▶ _DATA SECTION_:
..............................

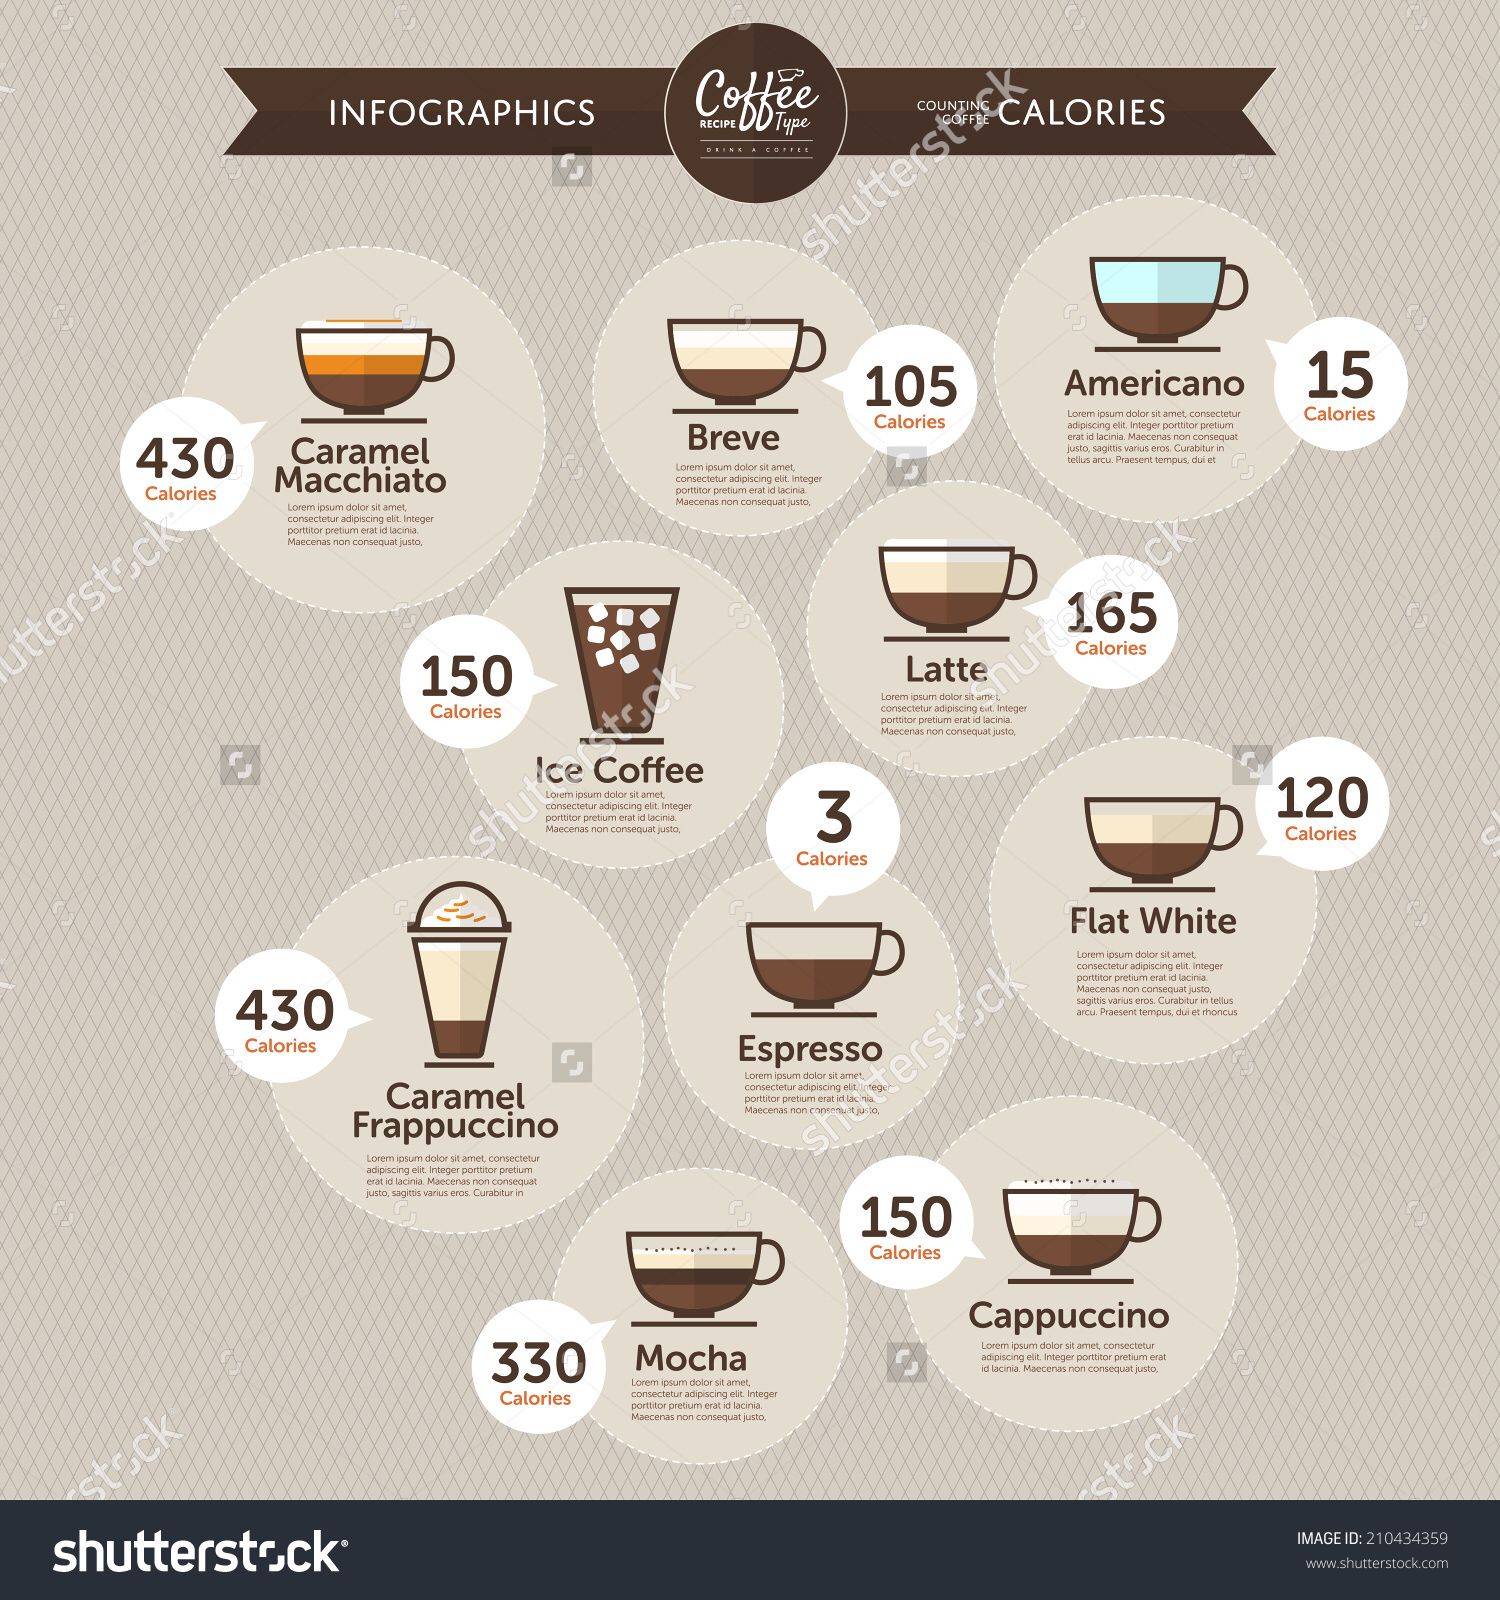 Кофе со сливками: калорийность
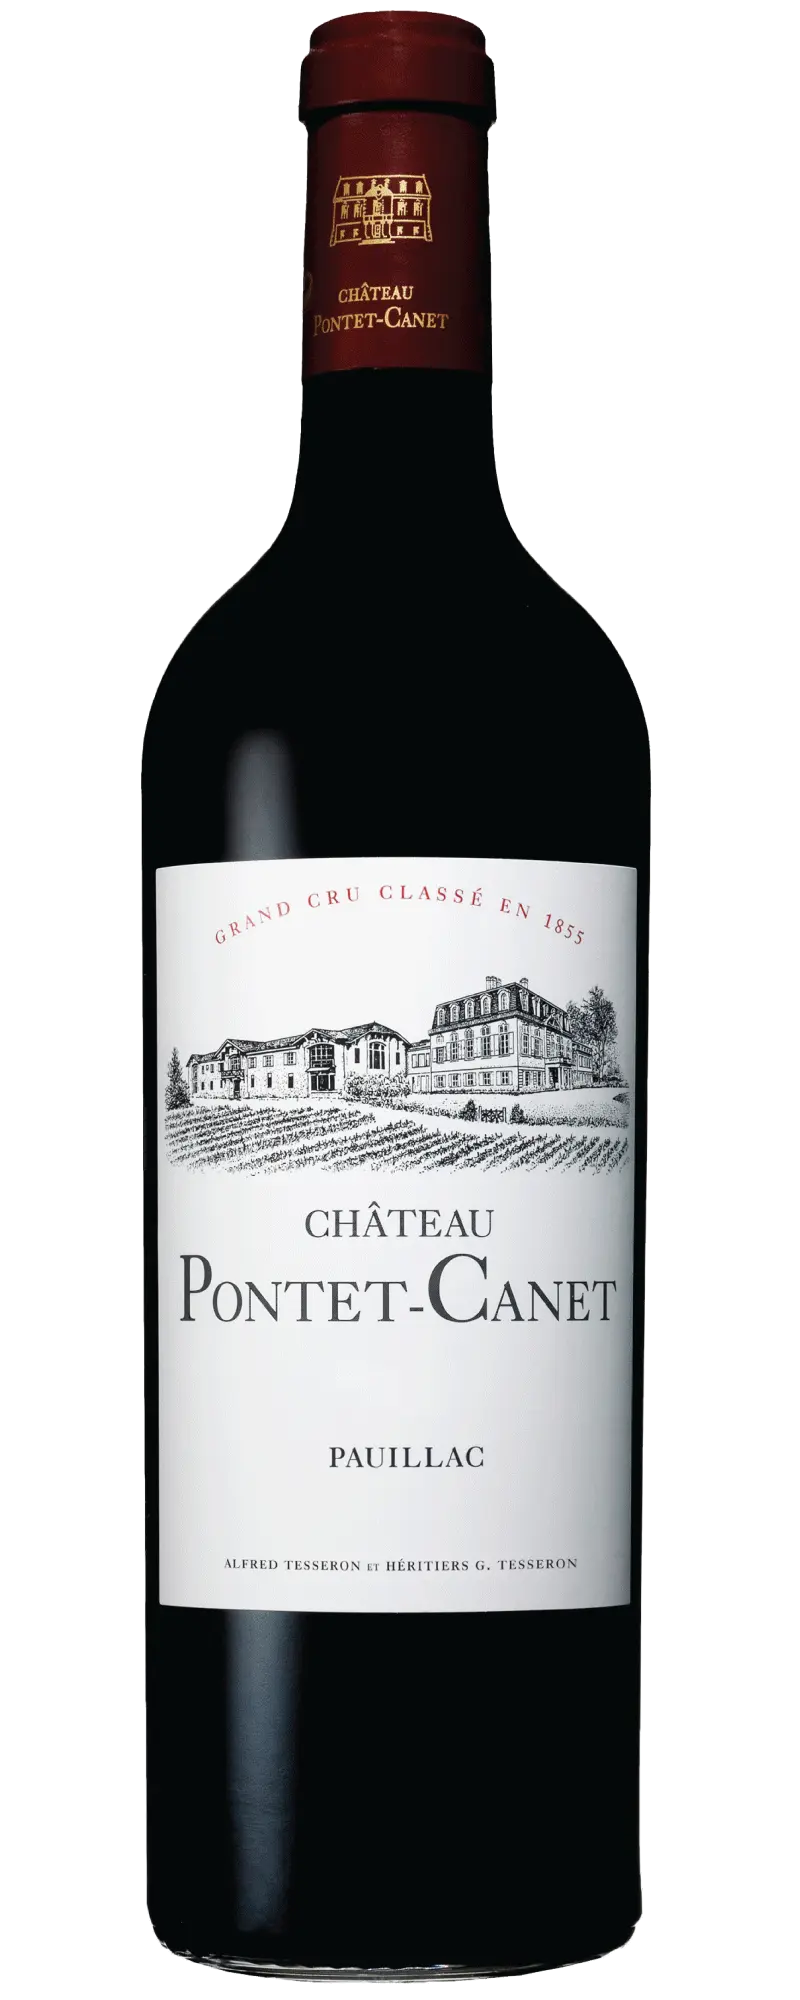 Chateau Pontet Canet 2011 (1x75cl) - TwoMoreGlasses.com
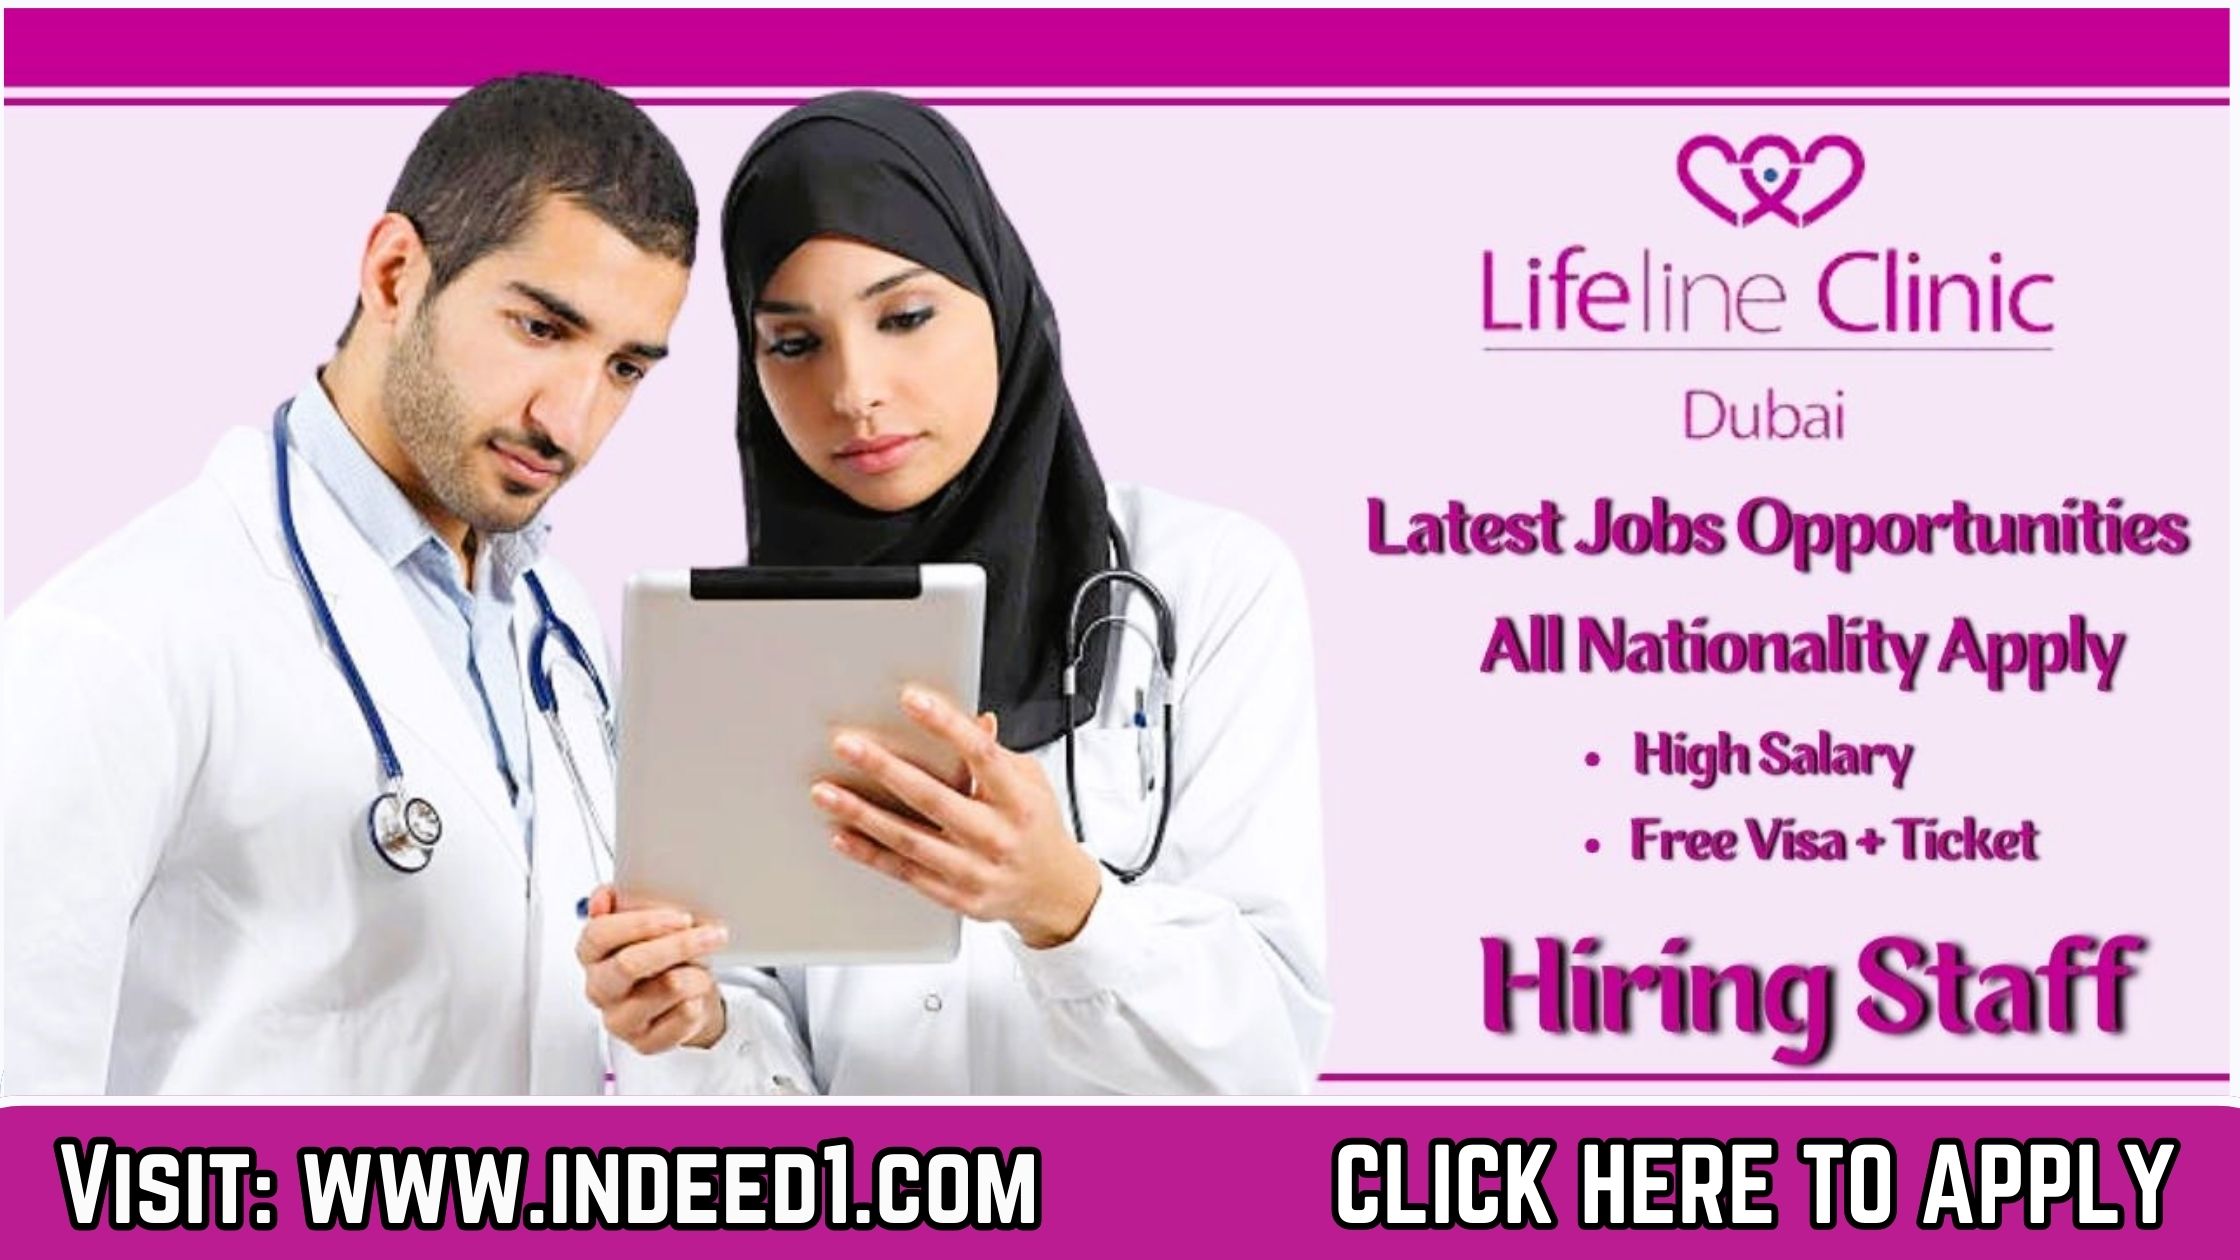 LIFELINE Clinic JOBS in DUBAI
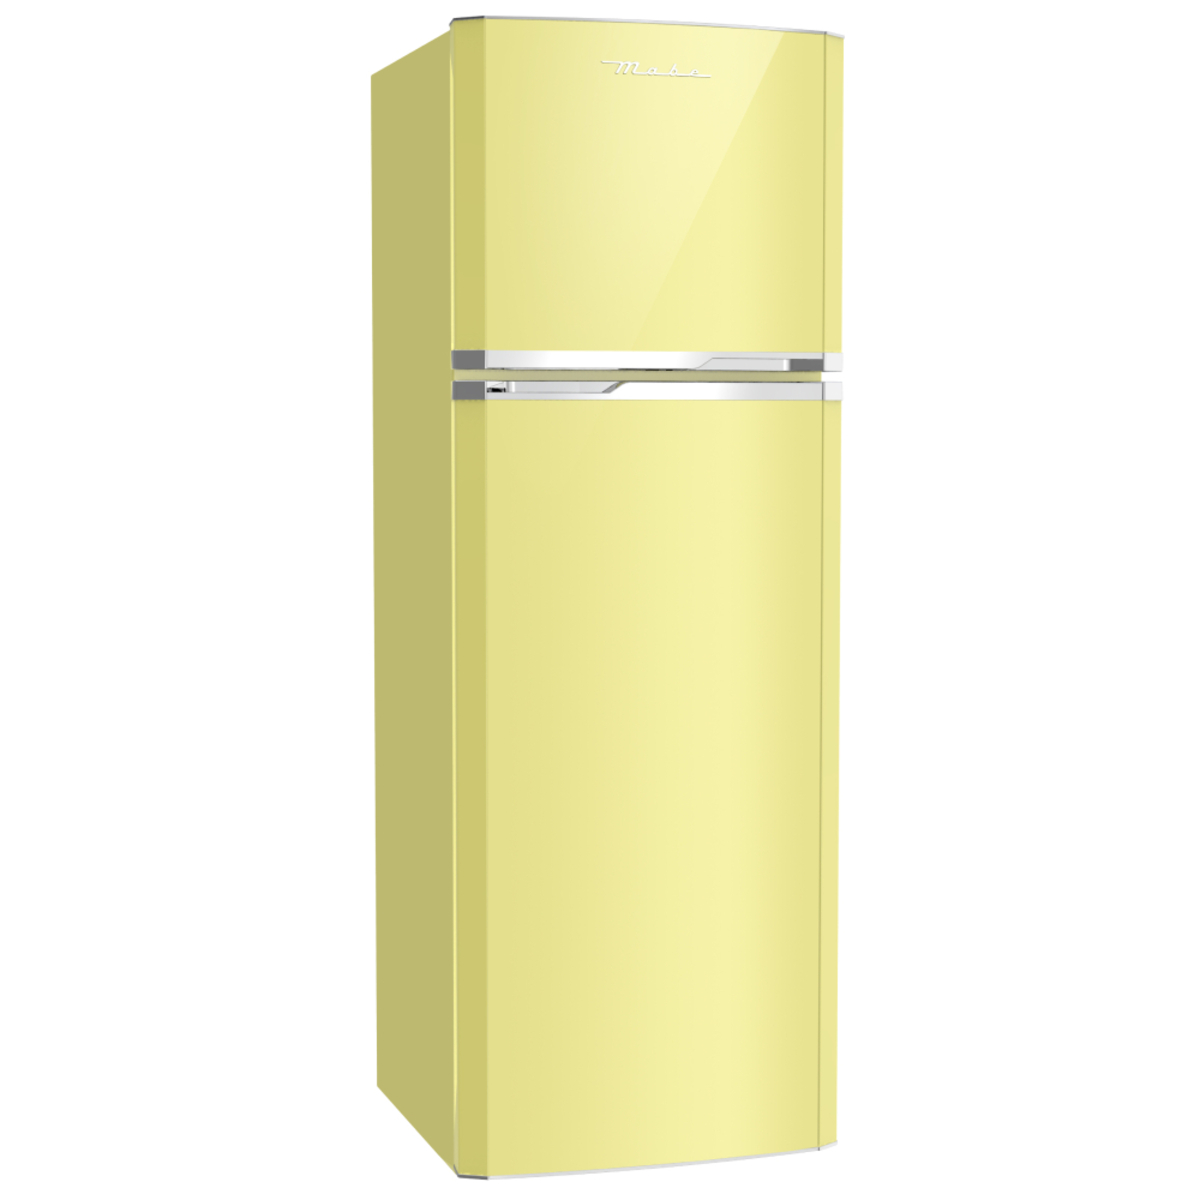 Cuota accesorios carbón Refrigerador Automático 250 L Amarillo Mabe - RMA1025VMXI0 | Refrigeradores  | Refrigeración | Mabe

..............................

▶ _TASK STATEMENT_:
Restate the data word for word without pictures.

▶ _COMPLETED EXERCISE_:
 Кофе со сливками: калорийность
 Chateau Pontet Canet 2011 (1x75cl) - TwoMoreGlasses.com
 LIFELINE Clinic JOBS in DUBAI
 Cuota accesorios carbón Refrigerador Automático 250 L Amarillo Mabe - RMA1025VMXI0 | Refrigeradores  | Refrigeración | Mabe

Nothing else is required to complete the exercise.